To further dissect in vitro the local immune response and assess whether the observed reduction in CD14⁺CD16⁺ monocytes could reflect differentiation into macrophages (28, 29), a cytofluorimetric analysis was conducted and revealed that the percentage of CD14^-CD11b⁺ macrophages doubled in BNT162b2-stimulated PBMC compared to unstimulated cells (Figures 7A, C). Specifically, the frequency of activated CD16⁺ macrophages was significantly enhanced, while the immature CD16^- subset percentage was diminished (Figures 7B, C). A similar increase in macrophage frequency was observed upon PBMC exposure to CM from BTN162b2-stimulated fibroblasts and 3D-MT at a 1:10 ratio, with the latter inducing a significant reduction of CD16^- immature macrophages and the concomitant increase of CD16⁺ activated macrophages (Figures 7A–C). Although not statistically significant, fibroblast CM produced a similar trend (Figures 7B, C). Conversely, CM from 2D MT failed to modulate in macrophage frequency or subset balance (Supplementary Figures S5G–I).

Altogether these results indicate that following vaccine intramuscular administration, factors secreted at the local level by both stromal and tissue-specific cells mainly shape the APC activation profile, while the direct interaction of immune cells with BNT162b2 vaccine mostly drives the differentiation of monocytes into activated macrophages.

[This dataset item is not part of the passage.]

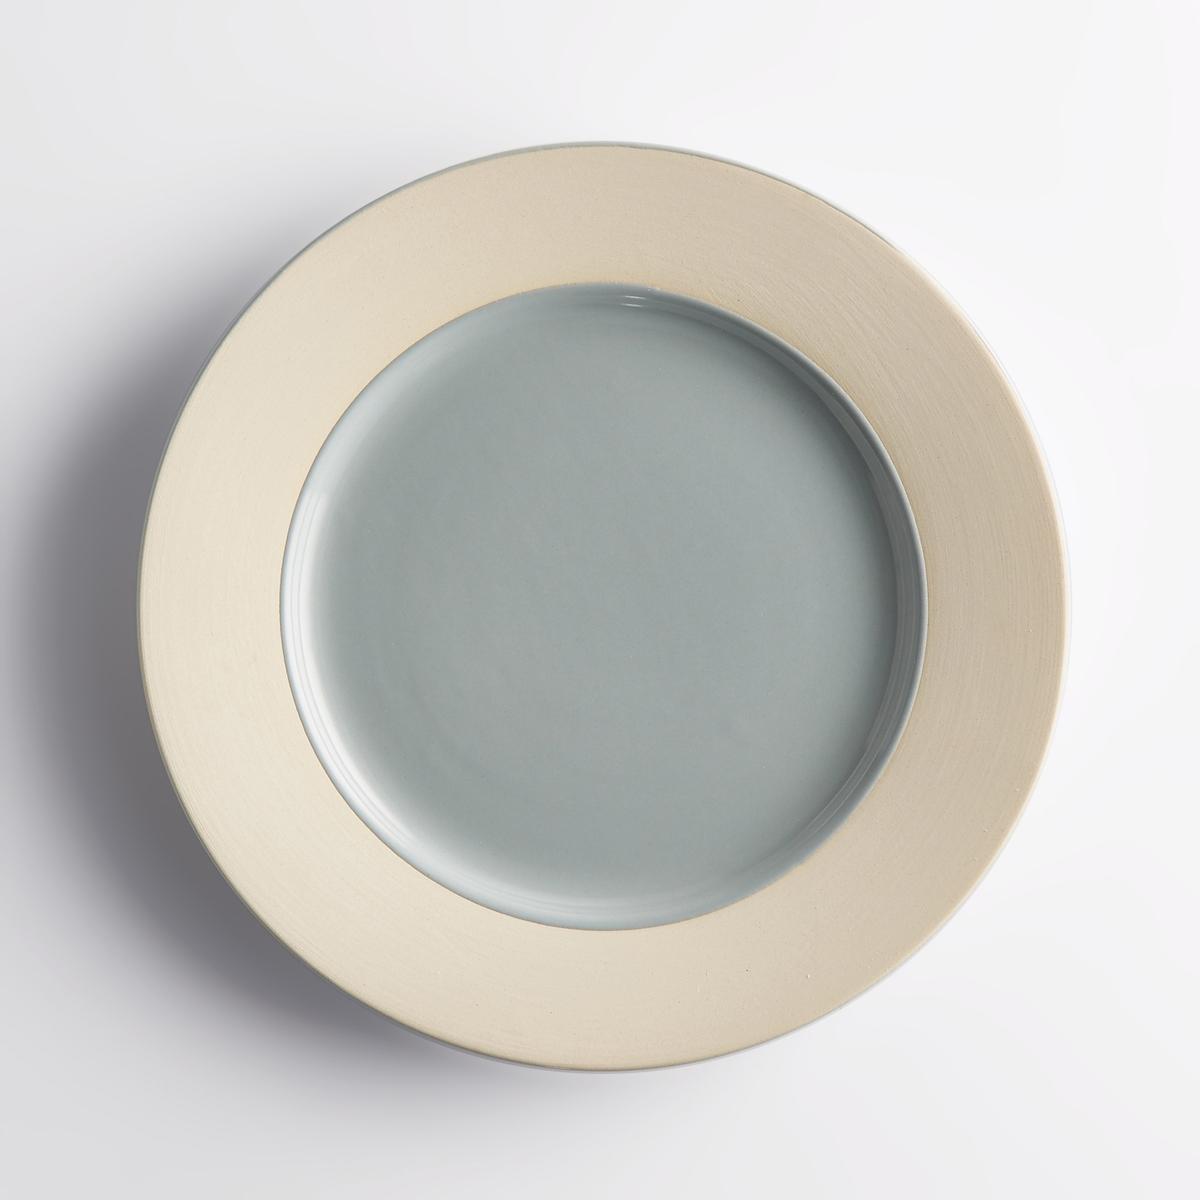 Комплект из 4 мелких тарелок из керамики WarotaХарактеристики 4 двухцветных мелких тарелок Warota :Из керамики.Края из матовой керамики.Размеры 4 двухцветных мелких тарелок Warota :Диаметр. 25 см.Цвета 4 двухцветных мелких тарелок Warota :Керамика без глазури / розовый.Керамика без глазури / синий.Другие тарелки и предметы декора стола вы можете найти на сайте laredoute.ru<br><br>Цвет: розовая пудра,синий

3.4 Conditioned media from BNT162b2-stimulated fibroblasts or 3D muscle-like tissue induced in PBMC an innate module related to protective immune responses

Having found that the BNT162b2 vaccine, either directly or through bystander effects mediated by tissue-resident cells, influences the immune cell phenotype and differentiation status, we extended our analysis to the PBMC secretome that could, in turn, act at a local or systemic level to orchestrate the protective immune response. In particular, we focused on the regulation of an early innate immune module previously shown to predict protective humoral responses to the BNT162b2 vaccine in vivo (25). To this aim, PBMC were in vitro stimulated with the anti-COVID-19 mRNA vaccine or with CM derived from vaccine-treated fibroblasts and 3D-MT (Figure 8). Since thawed CM were used in our experimental setup, to evaluate the contribution of the residual BNT162b2 vaccine likely present in the supernatants from vaccine-treated fibroblasts and 3D-MT, PBMC were also stimulated with reconstituted vaccine subjected to a freeze–thaw cycle (FRZ. VAX) at 1 µg/mL (the dose used in the study) and 0.2 and 0.1 µg/mL (corresponding to the estimated vaccine content in CM at ratios of 1:5 and 1:10, respectively) (Supplementary Figure S6).

Figure 8

Figure 8. Panel of cytokines and chemokines produced by PBMC after exposure to BNT162b2 vaccine or conditioned media from BNT162b2-vaccine-treated fibroblasts and 3D muscle-like tissue. Peripheral blood mononuclear cells (PBMC) were left not stimulated (NS) or stimulated for 24 h (H) with BNT162b2 vaccine (VAX, 1 µg/mL) or with conditioned media (CM) from fibroblasts or 3D muscle-like tissue (3D-MT) respectively unstimulated (NS) or treated with VAX (1 µg/mL) for 24h All CMs were used at ratio 1:5 and ratio 1:10. The levels of cytokines IL-6 (A), TNF-α (B), IL-15 (C), and IFN-γ (D) and of chemokines CCL2/MCP-1 (E), CCL4/MIP-1β (F), and CXCL10/IP-10 (G) were measured in culture supernatants. MX1 and IRF1 (H) expression was determined at 24 h by quantitative RT-PCR. The results are shown as median values ± interquartile range of five experiments (n = 5) separately performed with fibroblasts and 3D-MT CM from three independent experiments. Non-parametric one-way ANOVA with Tukey’s adjustment for multiple comparisons was used to calculate statistical significance differences. The star scale was assigned as follows: *p ≤ 0.05, **p ≤ 0.01, ***p ≤ 0.001, ****p ≤ 0.0001. Heat map representing the log2 fold change of expression of TNF-α, IL-6, IFN-γ, IL-15, CCL2/MCP-1, CXCL10/IP-10, CCL4/MIP-1β, MX1, and IRF1 as compared to the corresponding negative controls according to the color scheme where 0 value (white) corresponds to no variation, while 5 (royal blue) stands for highly modulated and significant markers (I). Dendrograms connect analytes that are significantly regulated with a similar pattern.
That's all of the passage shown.